We drove 2 cars to church today so the kids and I came home right after the 3 hour block instead of staying a long time waiting for David to finish up with his meetings. The boys wondered why daddy always stays after church for meetings and I reminded them that he is fulfilling his calling. I said that we need to help him do his calling by not complaining when he needs to go to meetings during the week or when we stay after church for a long time waiting for him. I reminded them that we are so blessed to have a Dad who honors his priesthood and is able to bless us and the lives of others in this way. I know the truth of these statements and feel them, but, at times, I too struggle with happily sustaining. Something to work on, eh?


Animals in the house--pets--why do I want one? Do I? The cat is looking at me through the window right now, wondering why I won't let him in the house. This is the cat who just kept coming back and now is a part of our family, whether we like it or not. After a few nasty markings of territory in the kitchen, David and I decided that he wasn't allowed inside the house again, at least until he is neutered.

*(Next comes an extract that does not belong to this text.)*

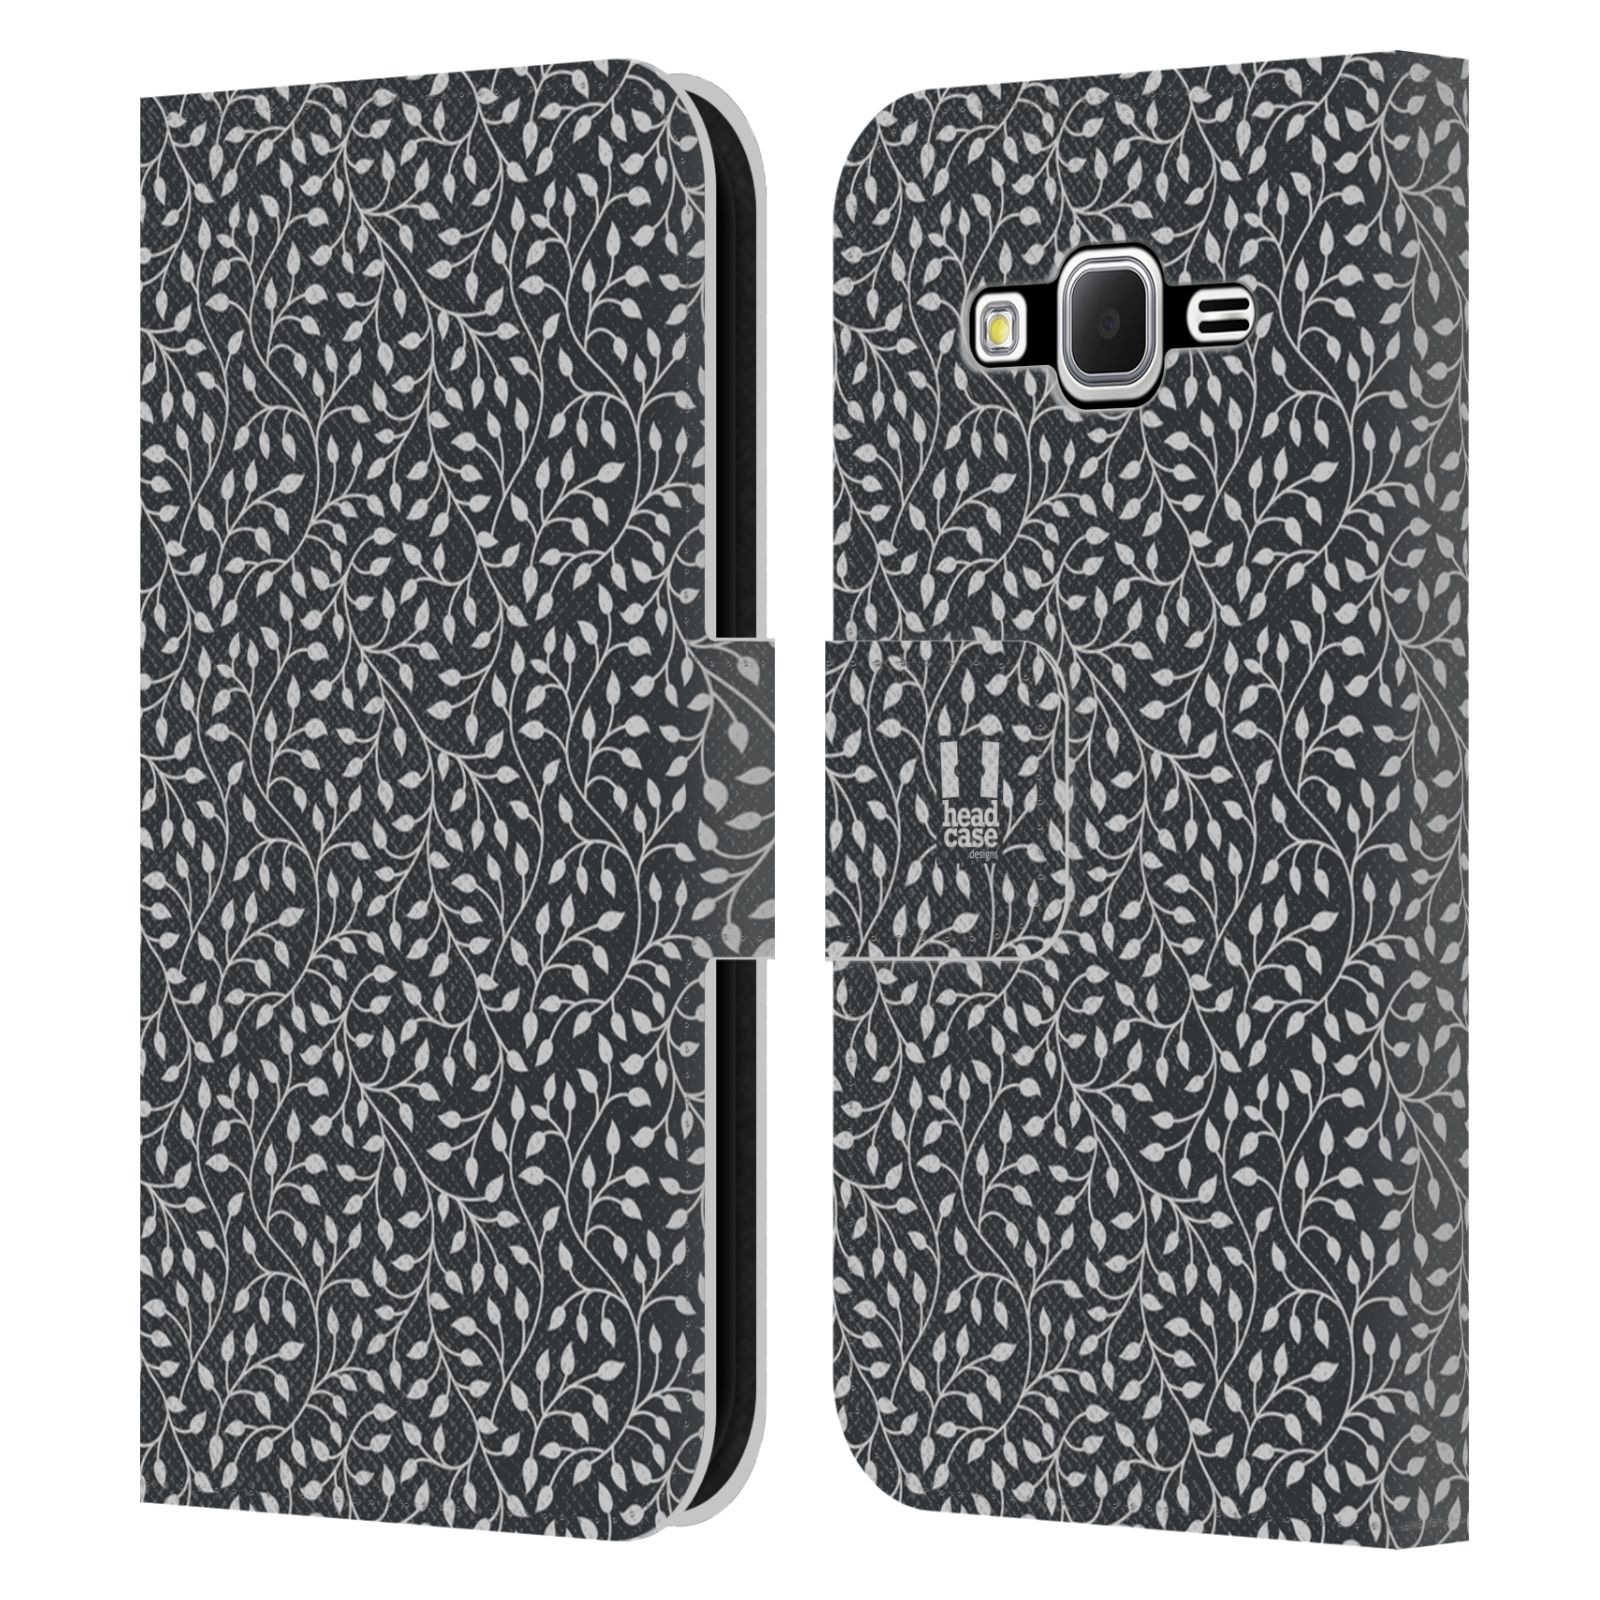 HEAD CASE Flipové pouzdro pro mobil Samsung Galaxy CORE PRIME vzory listy tmavá

Adam asked for a kitten for his birthday--You know that they grow up and become cats like the one you already have? Yeah, but kittens are just so cute. Uh-huh. (I don't think he will be surprized when he gets a stuffed one instead--maybe we will stuff the one we already have, J/K).


Tired babies fight sleep. Tired moms can't sleep. Growing boys are never tired--just awake, or asleep (Dreamy!).


I just finished reading The Man in the Iron Mask by Dumas. I'm left in a funk. True, I enjoyed the portrayal of chivalry, honor, friendship, the bond of a father and son--all displayed by the heros in our book. However, battles, open infedelity, and ultimately the man in the iron mask left alone in a prison by his own brother and mother--never avenged, never released, never mentioned again after we leave him imprisoned for the second time--AAAHHHH! Sorry if I have just ruined this for any of you. Don't read it--it is just frustrating. I guess that as much as I love the idea of history, I'm still a fairy-tale lover at heart. Where is the Happily Ever After?

Yeah, I know, it is all about the challenges. So Prince Phillippe is probably going to fair better than his brother Louis XIV in the world to come. I guess that is what it all comes down to. We don't get to select all the situations we are put in, but we decide what we will do with it. Heard it all before, huh? But, I guess, since we each live lives in which this is true, it is worth being reminded of. I really do like a book that makes me think about my choices and what kind of person I want to be--I just prefer to feel good when I reach the last word.



Don't you just feel better about yourself when your shoes look really cute sticking out at the bottom of your jeans and you are wearing something other than a tinkerbell t-shirt covered in baby snot? I guess I should try it a bit more often.

I love a bunch of energetic boys gathered in a huddle around a National Geographic magazine.

I love those moments when you are reminded that this is the life you chose, and you love it!
This picture looks simple enough, but it was taken in one of those moments. Things weren't perfect: Eli is sick; the book Gabriel is examining is one from the top shelf about "our changing bodies"--not my first pick for him just yet; Isaac is about to trip over Adam. It is my life and I do love it!